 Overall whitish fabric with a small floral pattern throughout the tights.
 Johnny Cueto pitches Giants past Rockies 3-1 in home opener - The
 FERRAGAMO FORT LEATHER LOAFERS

########################################

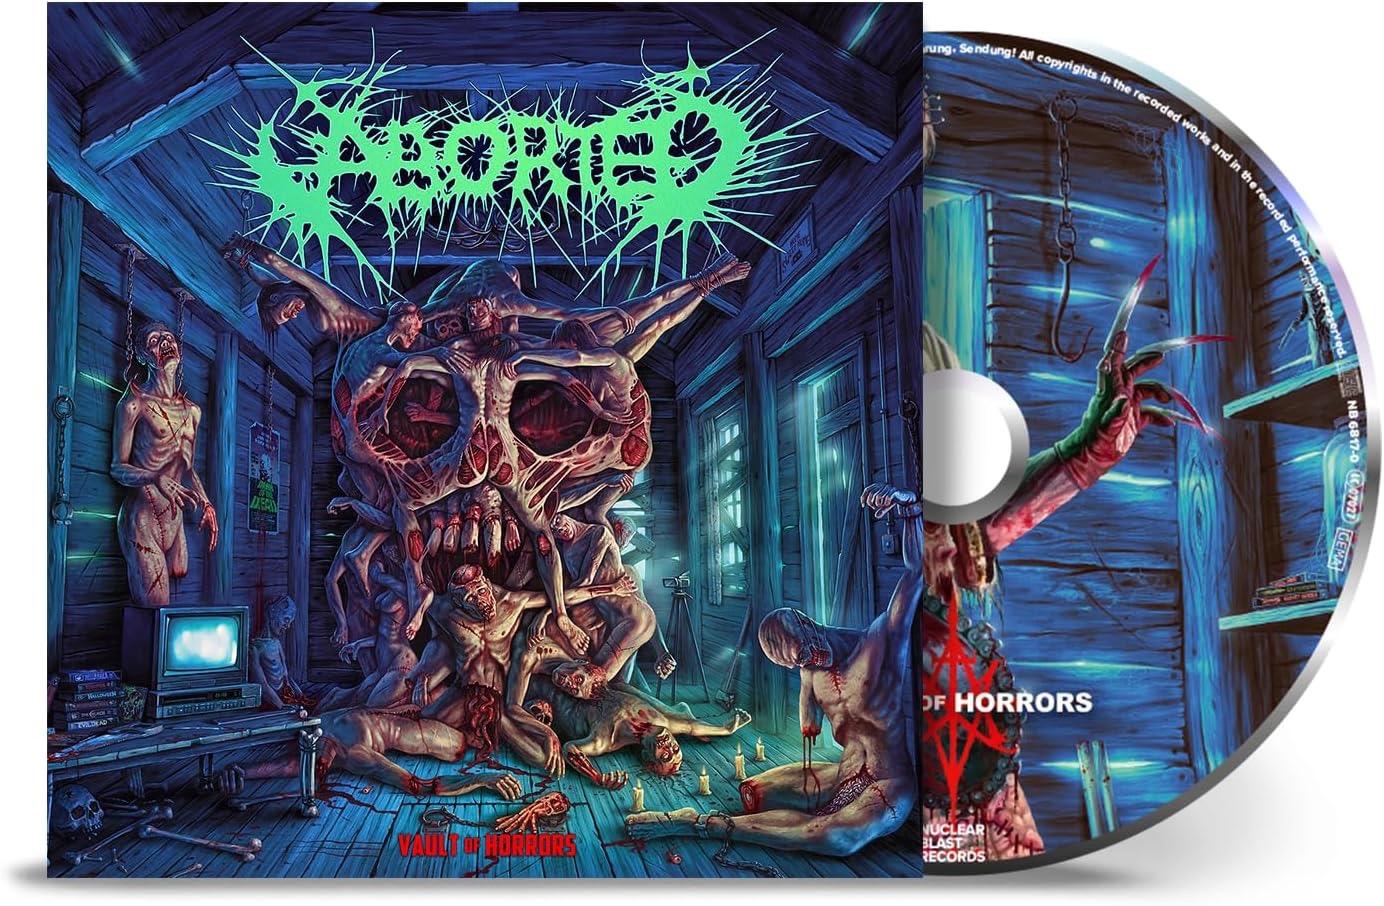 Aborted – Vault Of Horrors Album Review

########################################

Work request: Copy the lines above exactly, beginning at the line that has "Overall whitish fabric" and stopping after the line that has "FERRAGAMO FORT LEATHER LOAFERS", and omit the rest.

Response to the task:
 Overall whitish fabric with a small floral pattern throughout the tights.
 Johnny Cueto pitches Giants past Rockies 3-1 in home opener - The
 FERRAGAMO FORT LEATHER LOAFERS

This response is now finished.